[Edit 22/03/22] : Granite a décroché sa première étoile Michelin.
Nouvelle ouverture de cette rentrée culinaire, Granite est le dernier né (ou éclos) de la famille Stéphane Manigold ( restaurant Substance, Contraste...). Aux manettes Tom Meyer, 2ème du Bocuse d'Or 2019. De bons ingrédients qui malheureusement ne font pas, pour l'instant, une bonne mayonnaise.
Par Robin
Me voilà donc quartier du Louvre, le cœur de Paris, dont je parcours les artères pour déboucher sur un des nombreux estomacs de Paris: la rue Bailleul. C'est entre Liquide (de Matthias Marc) et Clover Grill que l'on trouve le restaurant Granite.
On pénètre dans une jolie salle simple et raffinée, sans trop de chichis. Quelques discrets pièces de décoration habillent l'endroit; et dans l'air du temps, des éléments rappelant la nature (coraux et autres branches) viennent embellir des tables sans nappe.

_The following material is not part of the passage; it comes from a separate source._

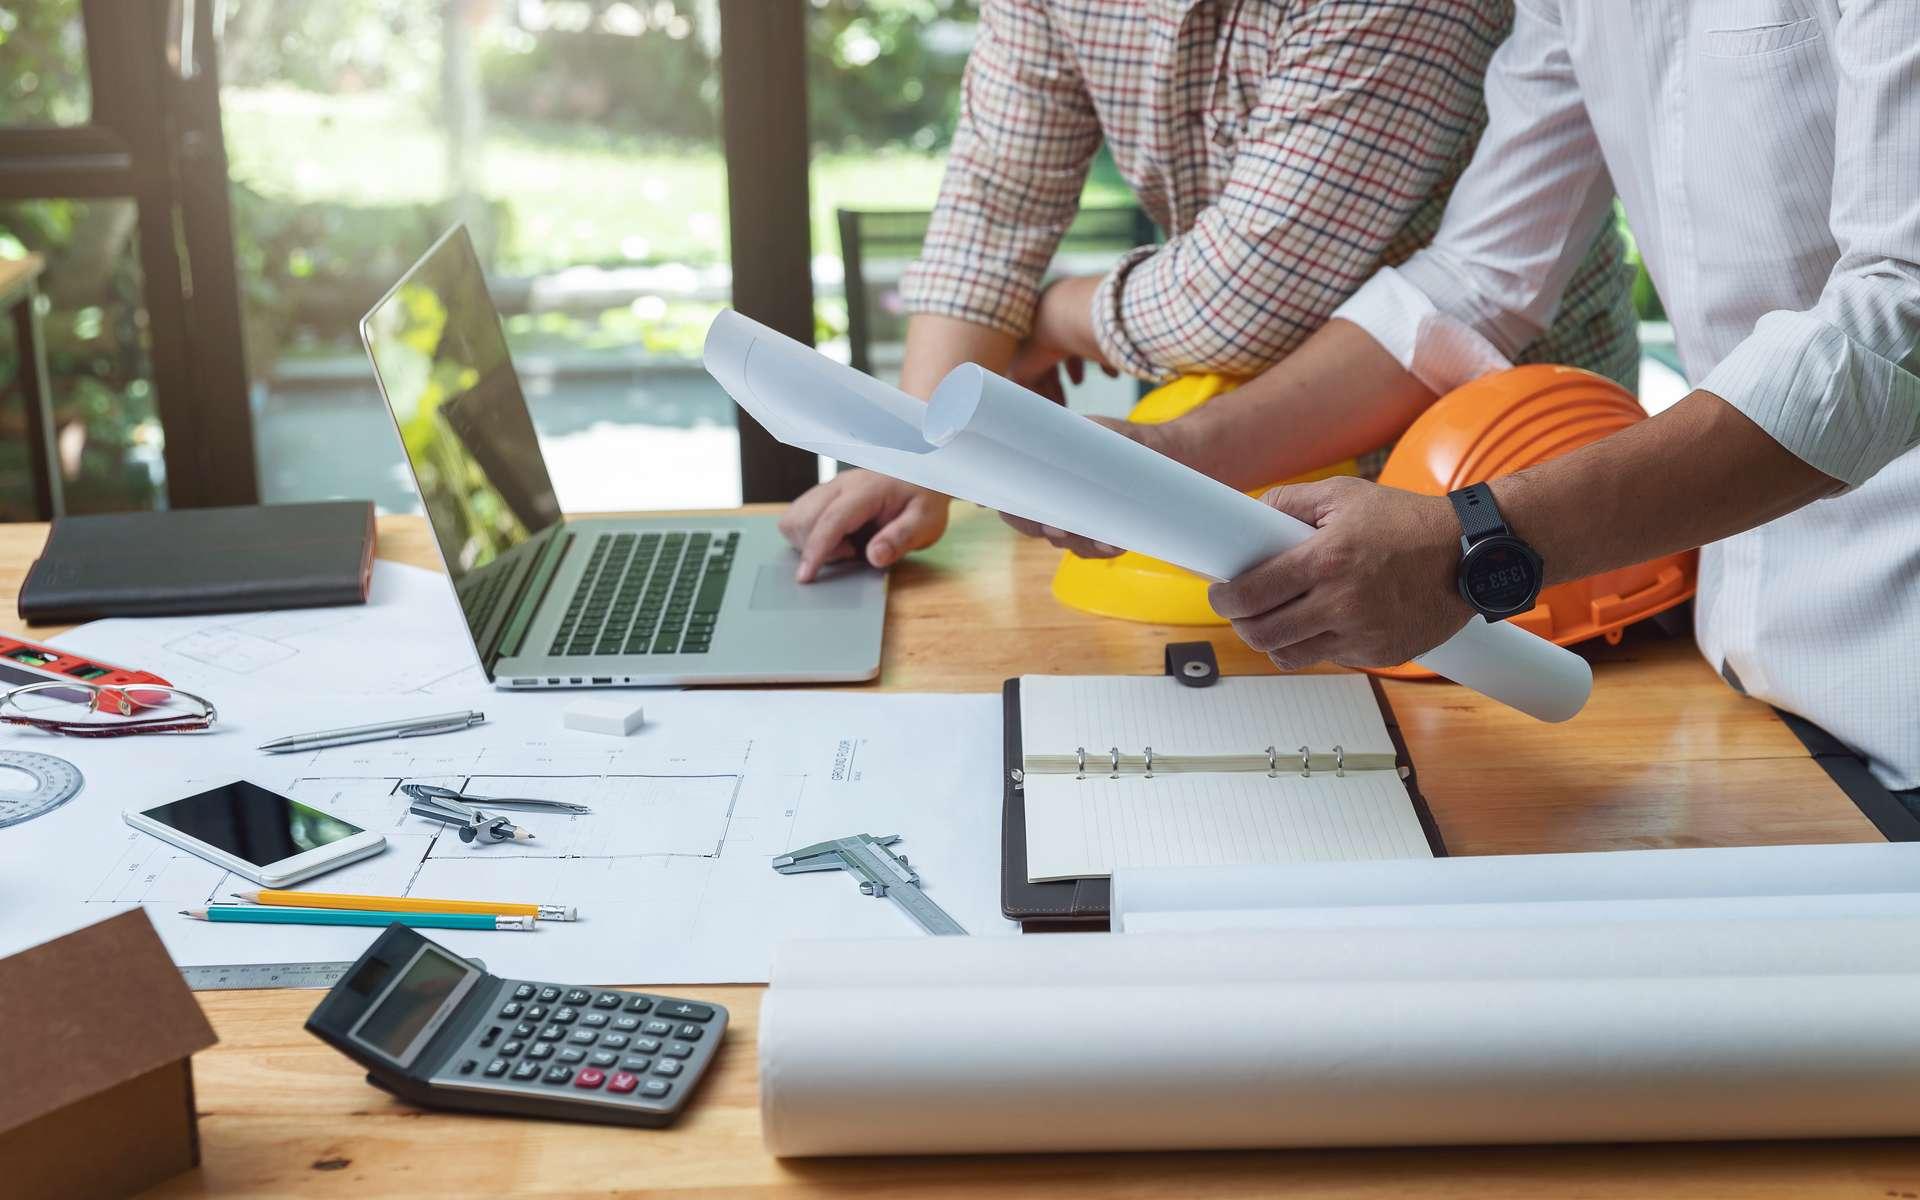 En achetant ces programmes, les investisseurs bénéficieront d'une défiscalisation avantageuse. © jat306, Adobe Stock
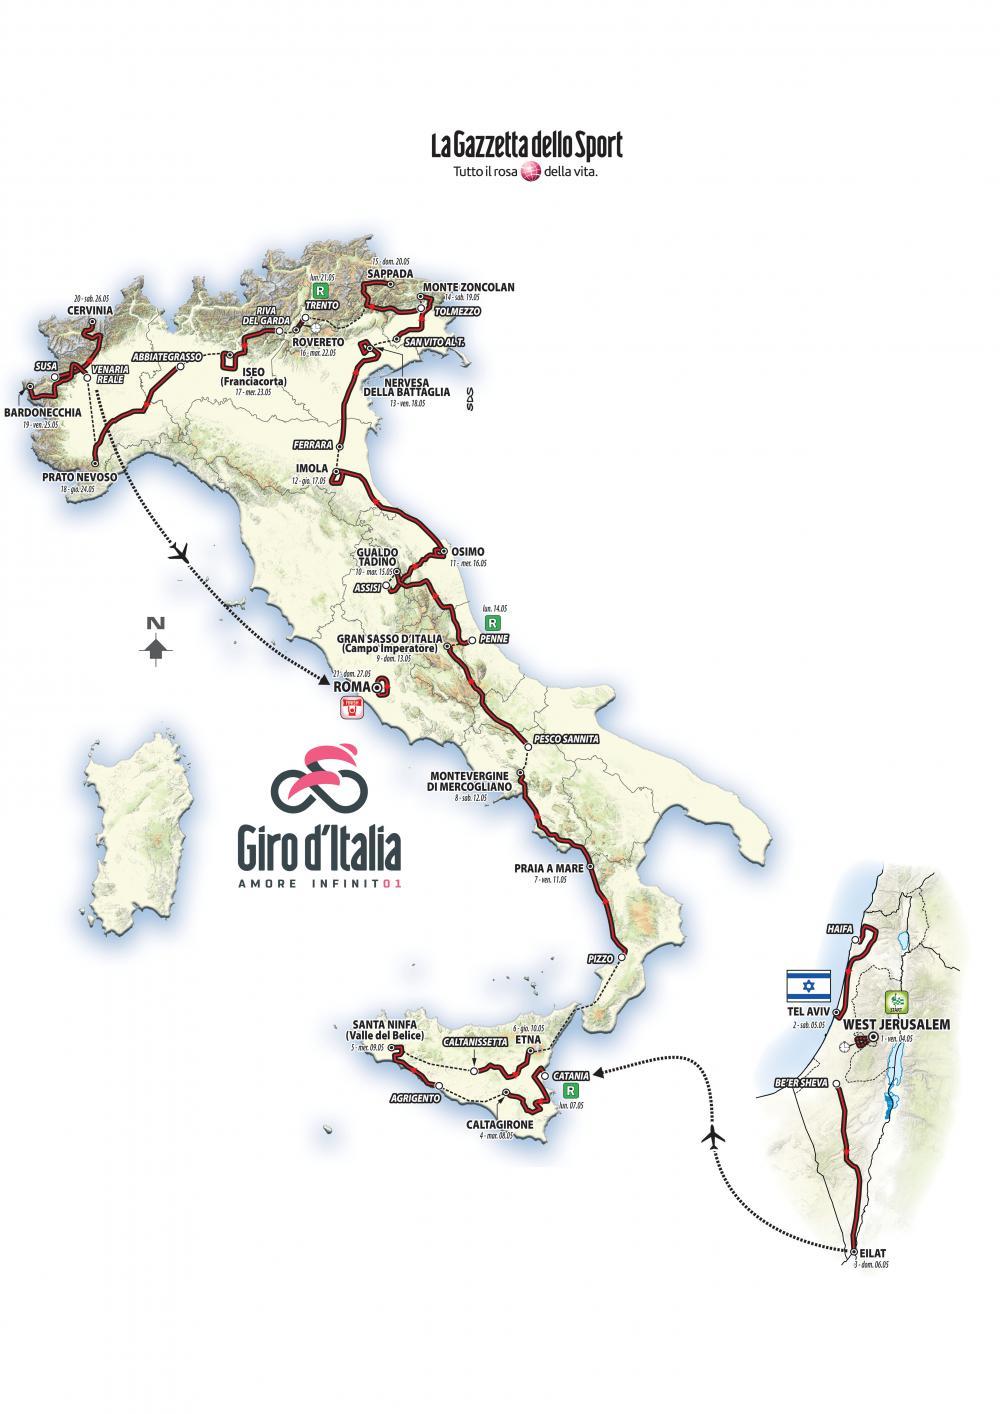 Presentata la 101esima edizione del Giro d'Italia, al via domenica 4 maggio 2018 da Gerusalemme. Il percorso.

Une fois assis dans des chaises un peu étroites mais confortables, la carte nous parvient: deux choix de menus: Quartz en 5 services (95€); ou Granite en 7 (125€). Des tarifs qui témoignent d'une certaine ambition, puisqu'ils sont au niveau, voir un peu au dessus, d'une table étoilée parisienne moyenne.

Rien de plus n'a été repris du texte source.